# Groups of order 768

## Contents

See pages on algebraic structures of order 768| See pages on groups of a particular order

## Statistics at a glance

The number 768 has prime factorization $768 = 2^8 \cdot 3$. Since there are only two prime factors, and order has only two prime factors implies solvable, all groups of this order are solvable groups.

Quantity Value Explanation
Number of groups up to isomorphism 1090235
Number of abelian groups up to isomorphism 22 Equals (number of abelian groups of order $2^8$) times (number of abelian groups of order 3) = (number of unordered integer partitions of $8$) times (number of unordered integer partitions of 1) = $22 \times 1 = 22$
Number of nilpotent groups up to isomorphism 56092 Equals (number of groups of order 256) times (number of groups of order 3) = $56092 \times 1 = 56092$
Number of solvable groups up to isomorphism 1090235 All groups of this order are solvable, because order has only two prime factors implies solvable
Number of simple groups up to isomorphism 0

## GAP implementation

The order 768 is part of GAP's SmallGroup library. Hence, all groups of order 768 can be constructed using the SmallGroup function and have group IDs. Also, IdGroup is available, so the group ID of any group of this order can be queried.

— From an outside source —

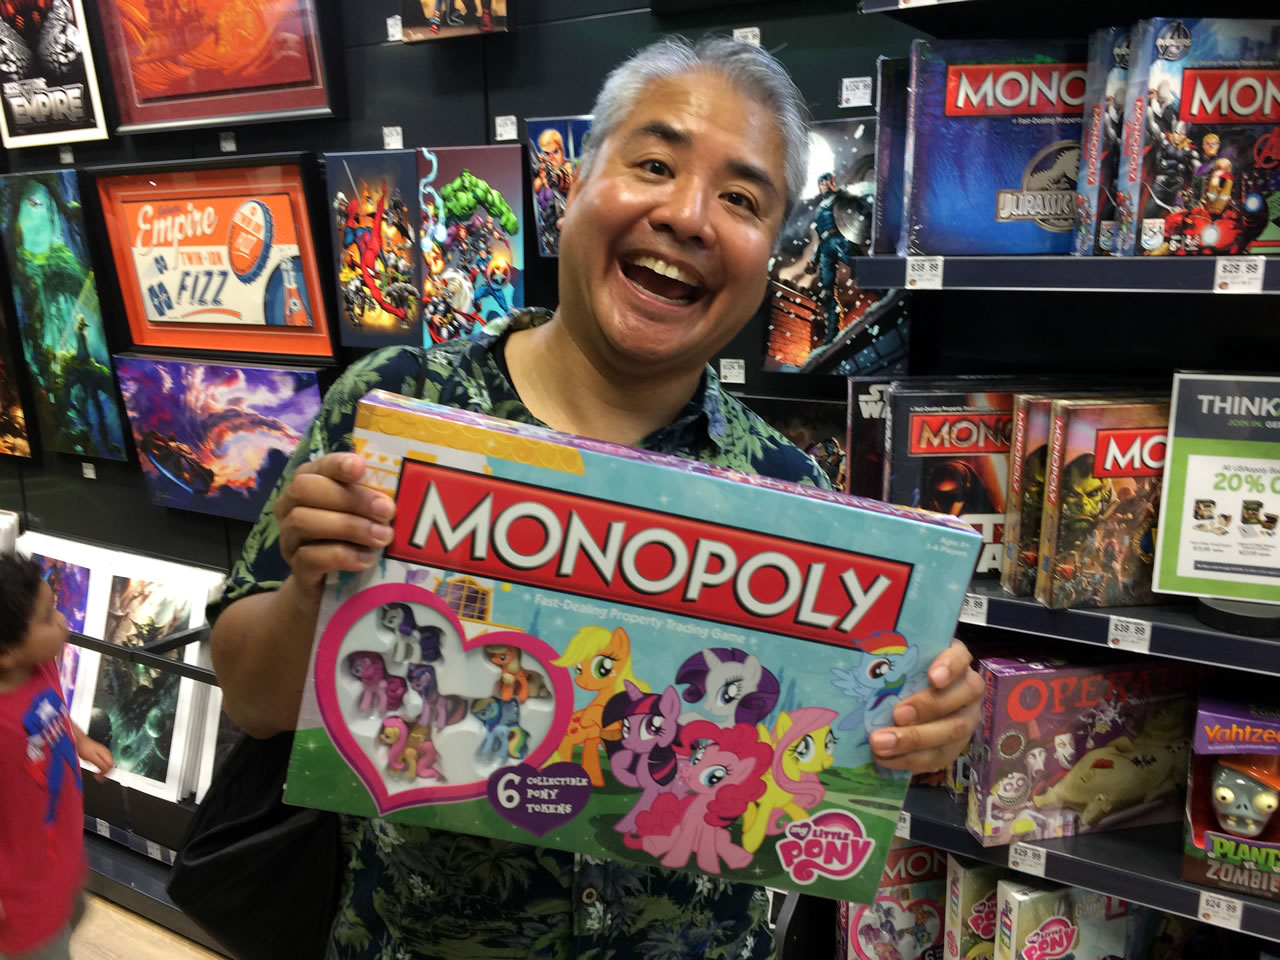 60 thinkgeek store - brony monopoly

However, note that with the memory allocations of most computers on which GAP is run, GAP will not allow storing all the groups or their IDs in a list, since the list is too long to store and process as a list.

Here is GAP's summary information about how it stores groups of this order:

gap> SmallGroupsInformation(768);

There are 1090235 groups of order 768.
They are sorted by normal Sylow subgroups.
1 - 56092 are the nilpotent groups.
56093 - 1083472 have a normal Sylow 3-subgroup
with centralizer of index 2.
1083473 - 1085323 have a normal Sylow 2-subgroup.
1085324 - 1090235 have no normal Sylow subgroup.

This size belongs to layer 3 of the SmallGroups library.
IdSmallGroup is available for this size.